### INFORMATION SUPPLIED
□ □ □ □ □
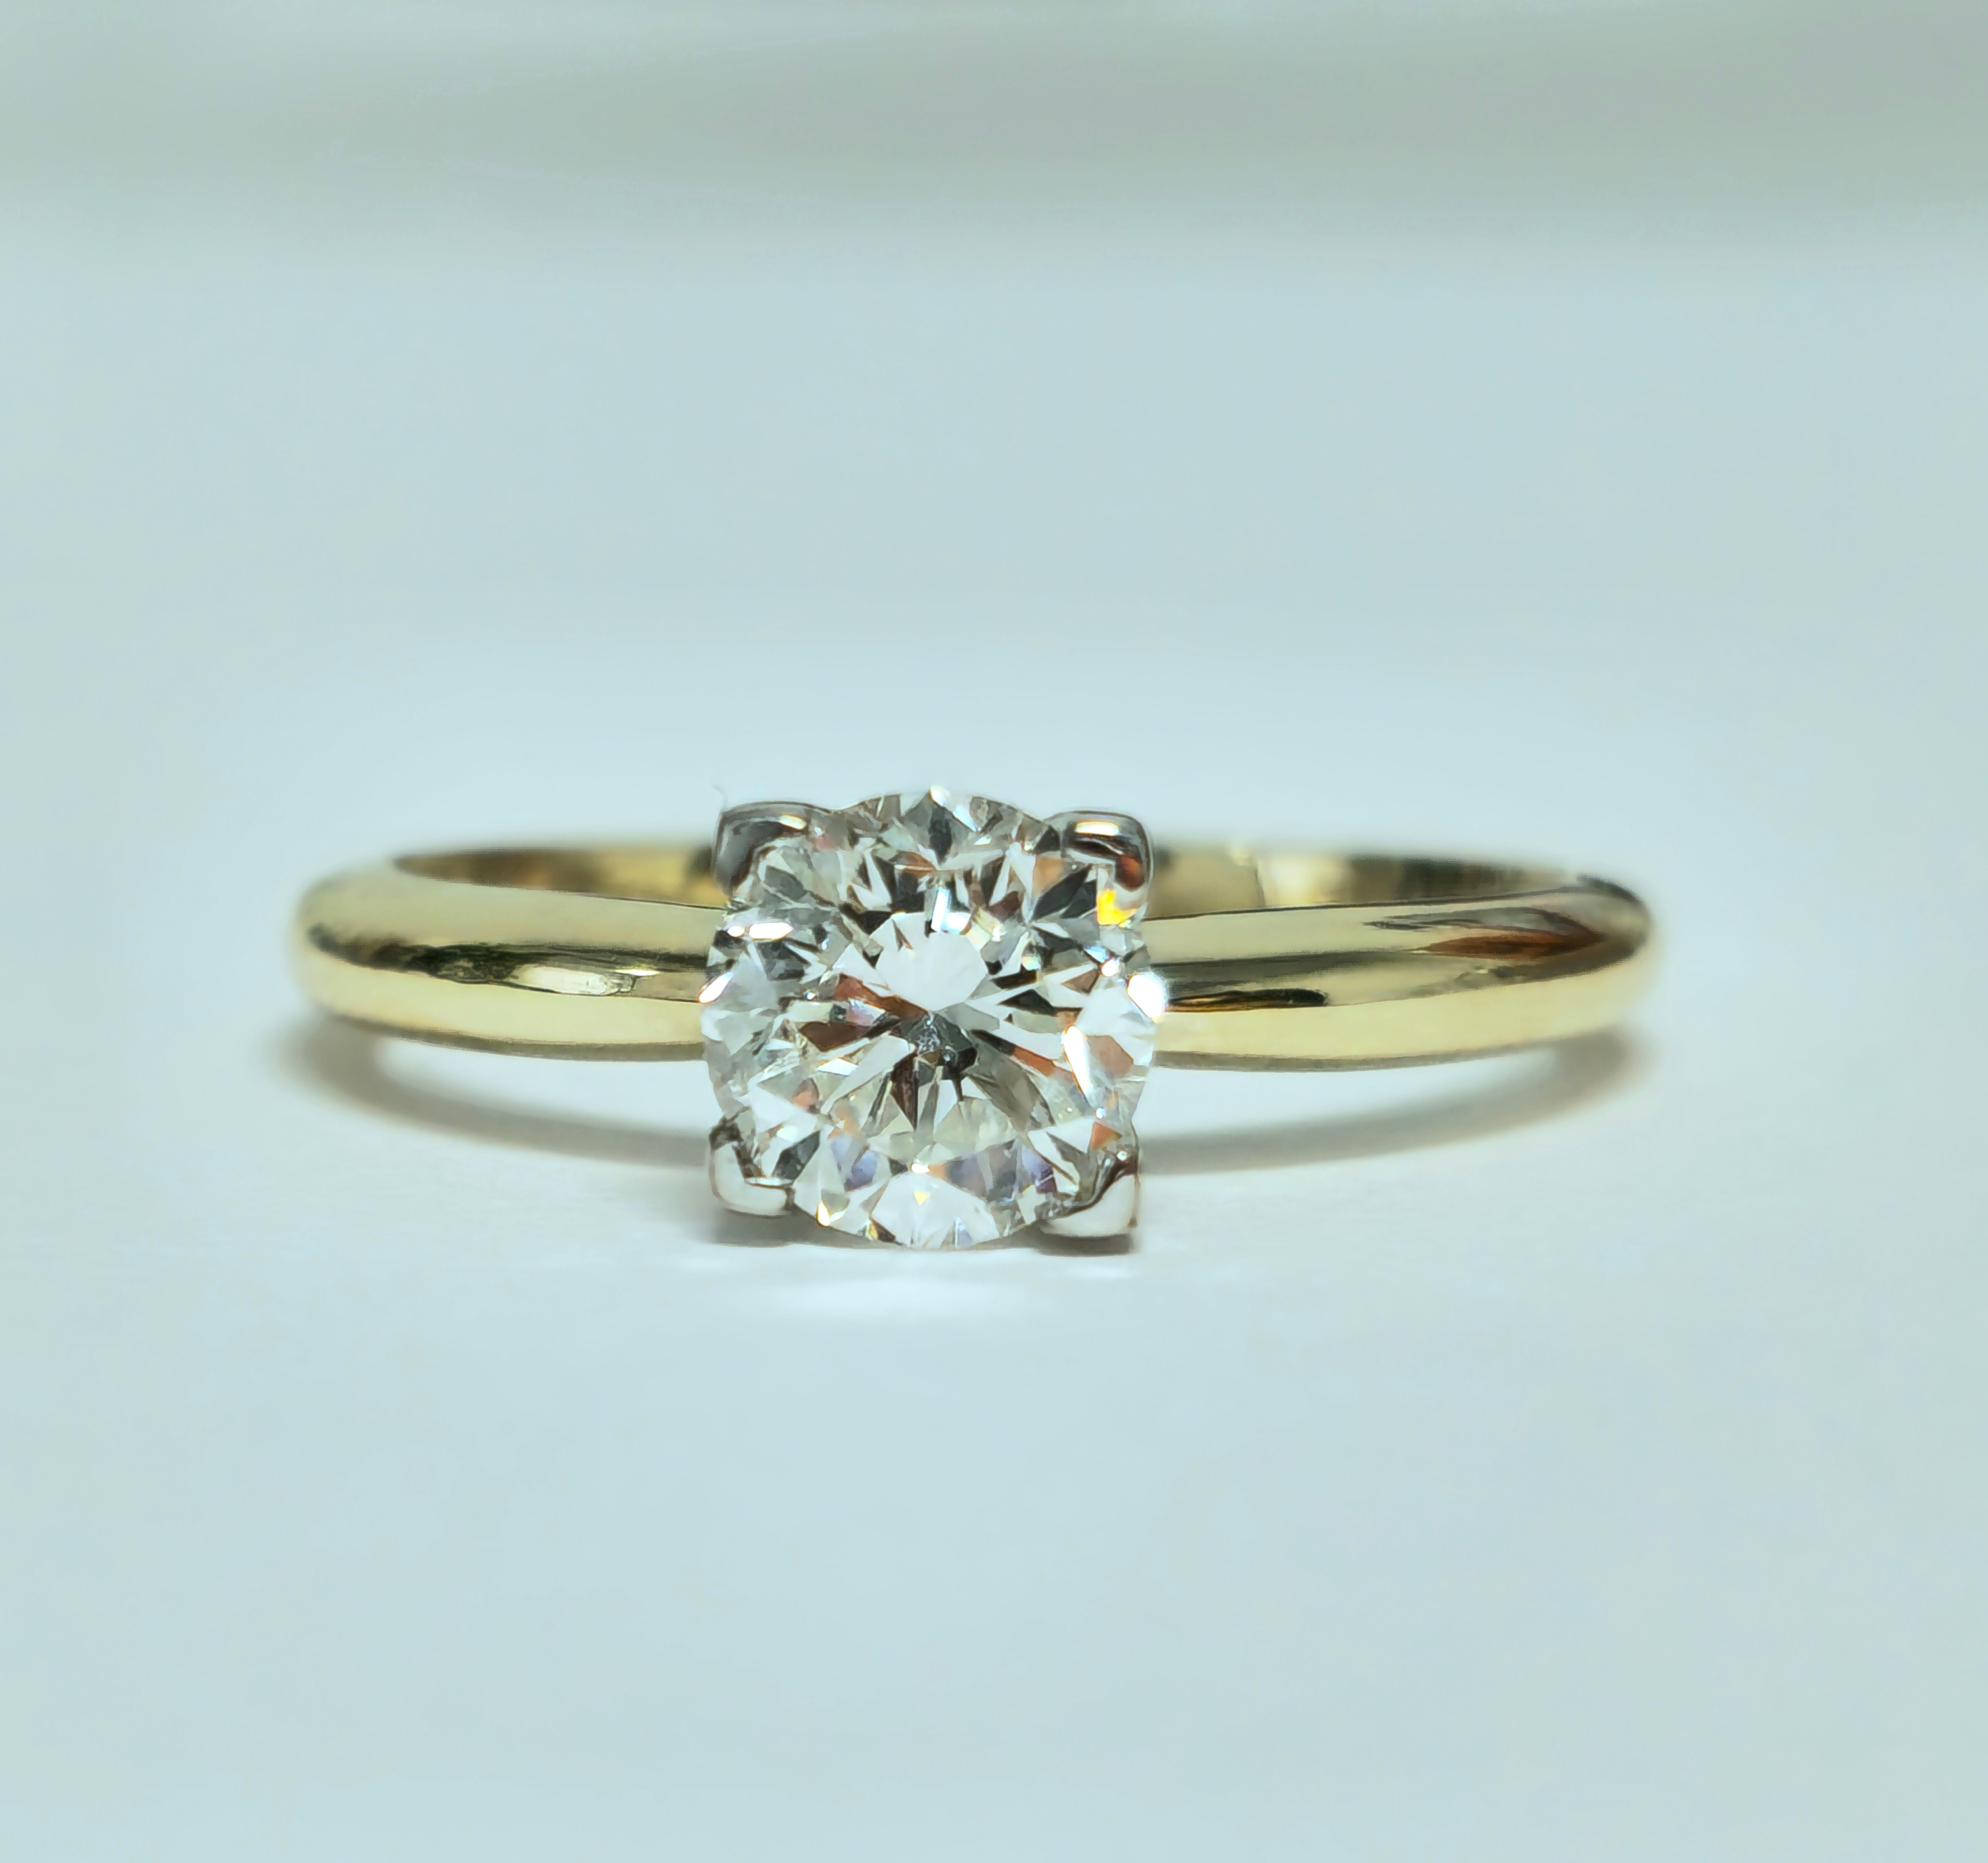 Crafted in 14k yellow gold, this stunning engagement ring features a brilliant 1.07 carat round-cut diamond, boasting VS1 clarity and G color. Mined from the earth, this diamond shines beautifully against the gold band. With a ring size of US 7, it
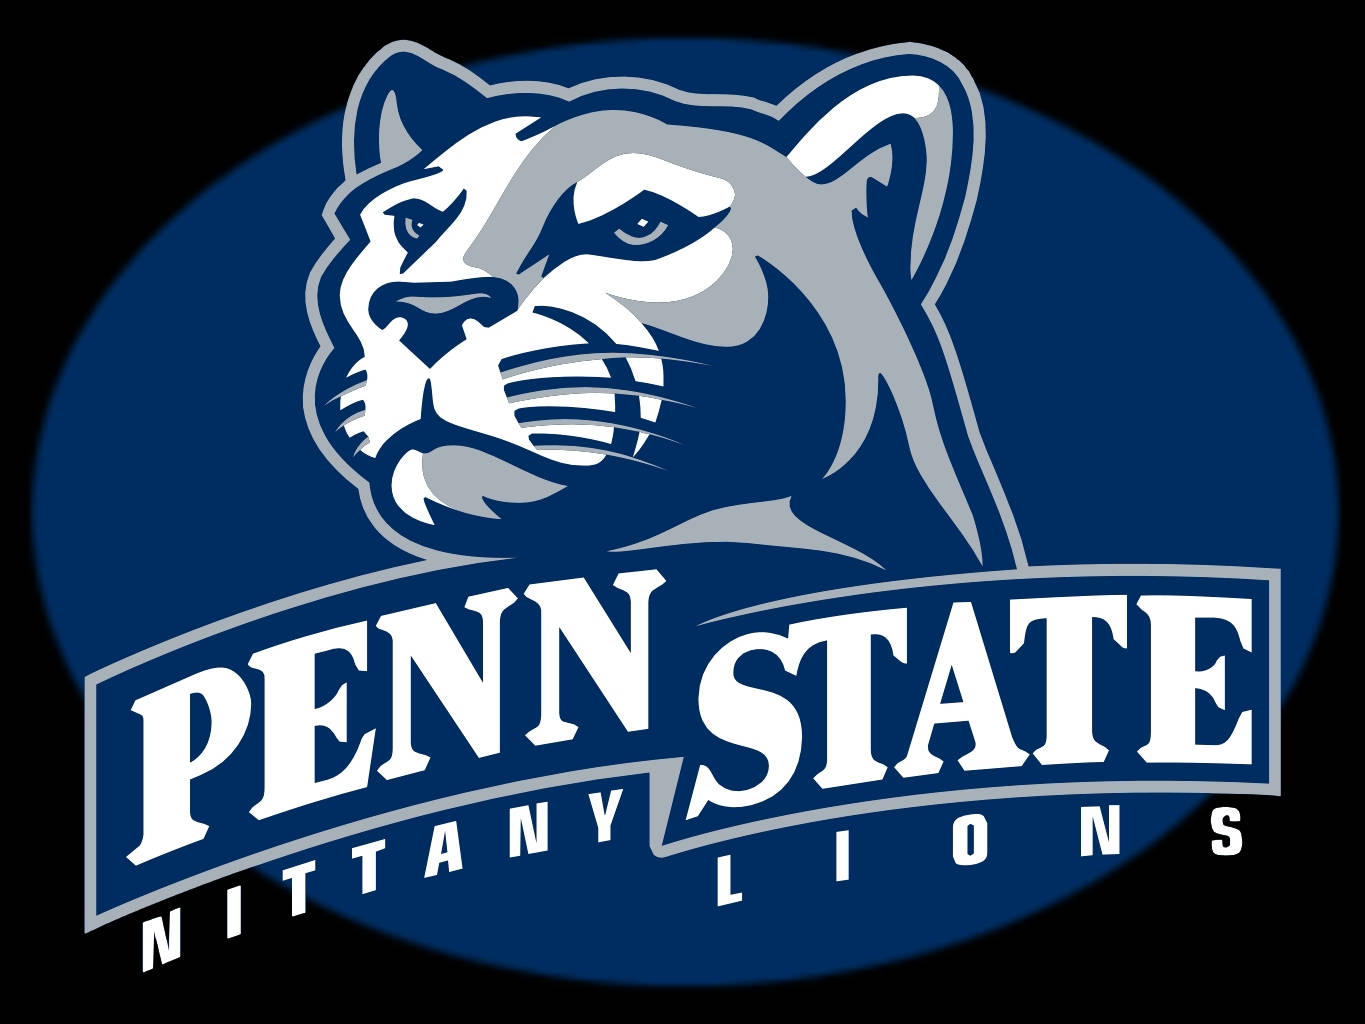 download-penn-state-nittany-lions-logo-wallpaper-wallpapers
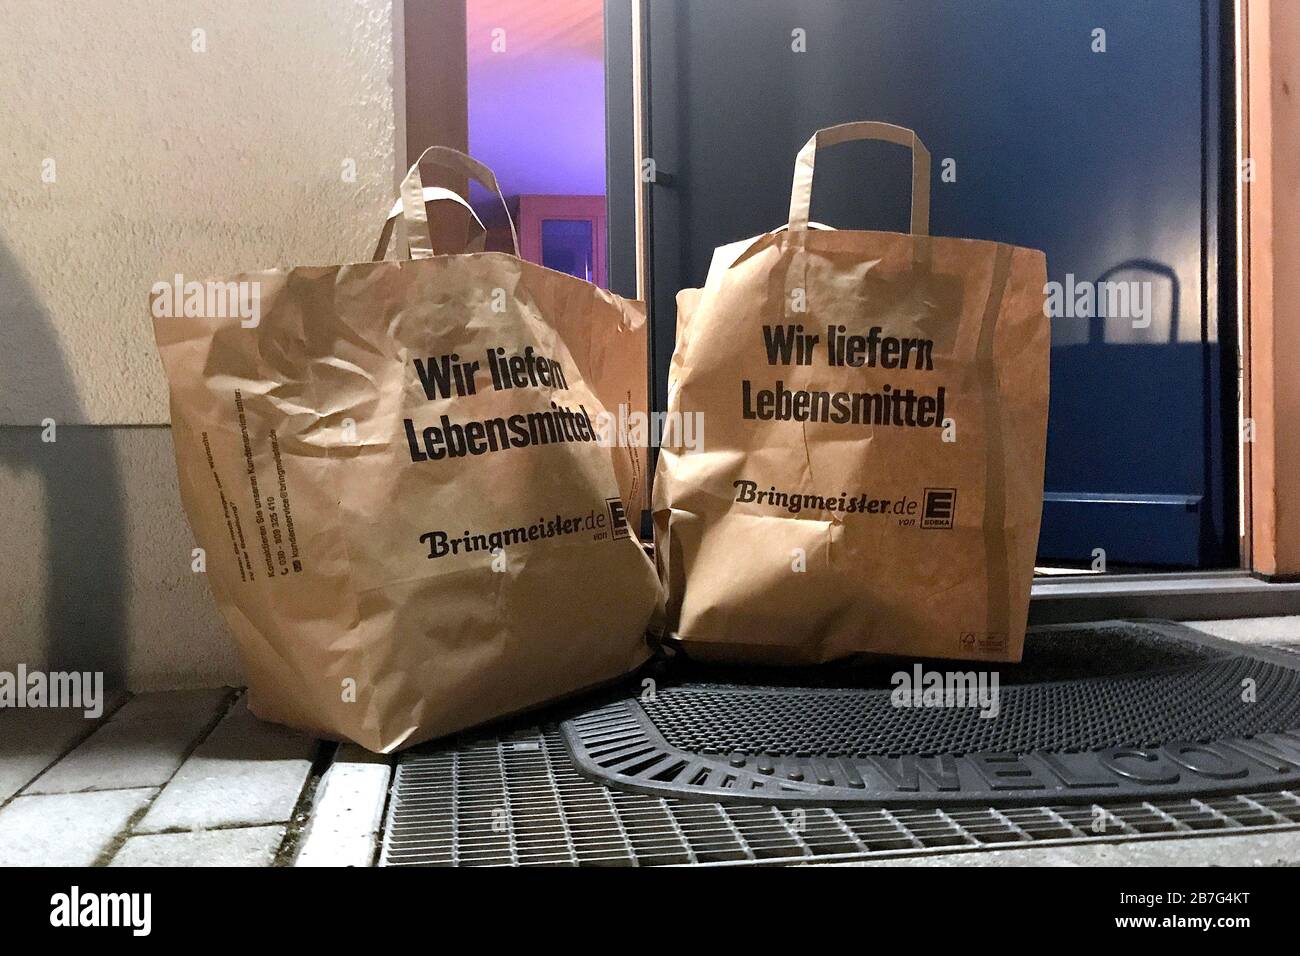 Munich, Deutschland. 16th Mar, 2020. EDEKA delivery service  Bringmeister.de, order Lebenswithtel online and have it delivered to your  door in times of the corona virus pandemic. Paper carrier bags, paper bags,  shopping
□ □ □ □ □
Each line of the data above needs to be retyped as it is, without any picture.

### SOLUTION FOR THIS EXERCISE
 Crafted in 14k yellow gold, this stunning engagement ring features a brilliant 1.07 carat round-cut diamond, boasting VS1 clarity and G color. Mined from the earth, this diamond shines beautifully against the gold band. With a ring size of US 7, it
 download-penn-state-nittany-lions-logo-wallpaper-wallpapers
 Munich, Deutschland. 16th Mar, 2020. EDEKA delivery service  Bringmeister.de, order Lebenswithtel online and have it delivered to your  door in times of the corona virus pandemic. Paper carrier bags, paper bags,  shopping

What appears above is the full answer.